LLM Runner¶
Unified LLM call entry point (LLMRunner, llm_call) with semantic tier enum, normalized LLMResponse, and built-in tier escalation. Replaces the split between run_task (structured output) and llm_with_tools (tool calls).
Details¶
LLM Runner¶
One entry point (work_buddy.llm.LLMRunner or the module-level llm_call convenience) that accepts a semantic ModelTier and returns a normalized LLMResponse. Replaces the split between run_task (structured output, Anthropic-only) and llm_with_tools (tool calls, LM Studio-only) that existed before the phase-1 refactor.
Why it exists¶
Before this: two incompatible LLM-calling paths with disjoint error shapes, no shared tier abstraction, and no escalation. Every caller had to pick a path and couldn't fall through to another tier on failure. journal_triage_scan dropped group_intent fields silently on local-LLM timeouts because there was no escalation and no normalized error surface to detect them.
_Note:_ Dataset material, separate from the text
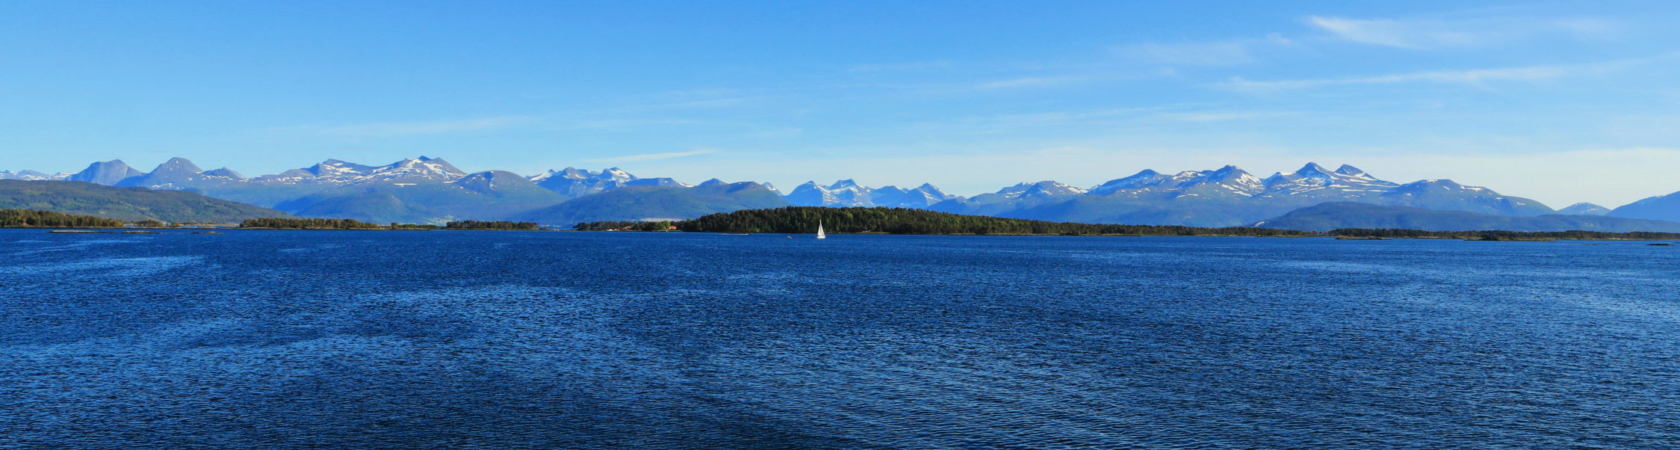 Molde Blick auf das bis 2000m hohe Romsdaler Gebirgsmassivs H.Reitz©2018

After this: one call site, one response dataclass, one error taxonomy, opt-in tier escalation.
ModelTier¶
class ModelTier(str, Enum):
LOCAL_TOOL_CALLING = "local_tool_calling" # LM Studio, MCP tool-call loop
LOCAL_FAST = "local_fast" # Local, structured output, no tools
FRONTIER_FAST = "frontier_fast" # Haiku-class
FRONTIER_BALANCED = "frontier_balanced" # Sonnet-class
FRONTIER_BEST = "frontier_best" # Opus-class
Tiers bind to concrete models/profiles in config.yaml under llm.tiers:
llm:
tiers:
frontier_balanced:
backend: anthropic
model: claude-sonnet-4-6
defaults: {max_tokens: 4096}
local_tool_calling:
backend: lmstudio_native
profile: local_agent
defaults: {max_tokens: 4096}
When claude-sonnet-5 ships, swap one config line. Call sites don't change.
Tier binding is authoritative for endpoint dispatch. For local tiers, the tier's backend field (lmstudio_native vs openai_compat) determines which endpoint the runner hits — not the legacy provider: field on llm.backends.<id> in config. A provider: value that disagrees with the tier binding is ignored with a warning prompting the user to drop it. This invariant exists because non-tool-calling tiers (LOCAL_FAST) need the openai_compat endpoint for LM Studio's JIT auto-load to work; tool-calling tiers (LOCAL_TOOL_CALLING) need lmstudio_native for server-side MCP tool loops. Mixing them produces silent failures (e.g., 500 "Model unloaded" because the native endpoint doesn't JIT-load).
LLMResponse¶
Frozen dataclass at work_buddy.llm.response.LLMResponse. Always safe to read:
- content: str ("" on error or tool-only turn)
- structured_output: dict | None (parsed when output_schema supplied)
- tool_calls: tuple[ToolCall, ...] (normalized across backends)
- reasoning: str | None (LM Studio reasoning trace; None for Anthropic)
- tier_used: str (may differ from requested tier if escalated)
- tier_attempts: tuple[TierAttempt, ...] (audit trail)
- model: str, backend: str
- input_tokens, output_tokens, reasoning_tokens, cost_usd, cached
- error: str | None, error_kind: ErrorKind | None, hint: str | None
Check resp.is_error() before reading output fields on failure-sensitive paths.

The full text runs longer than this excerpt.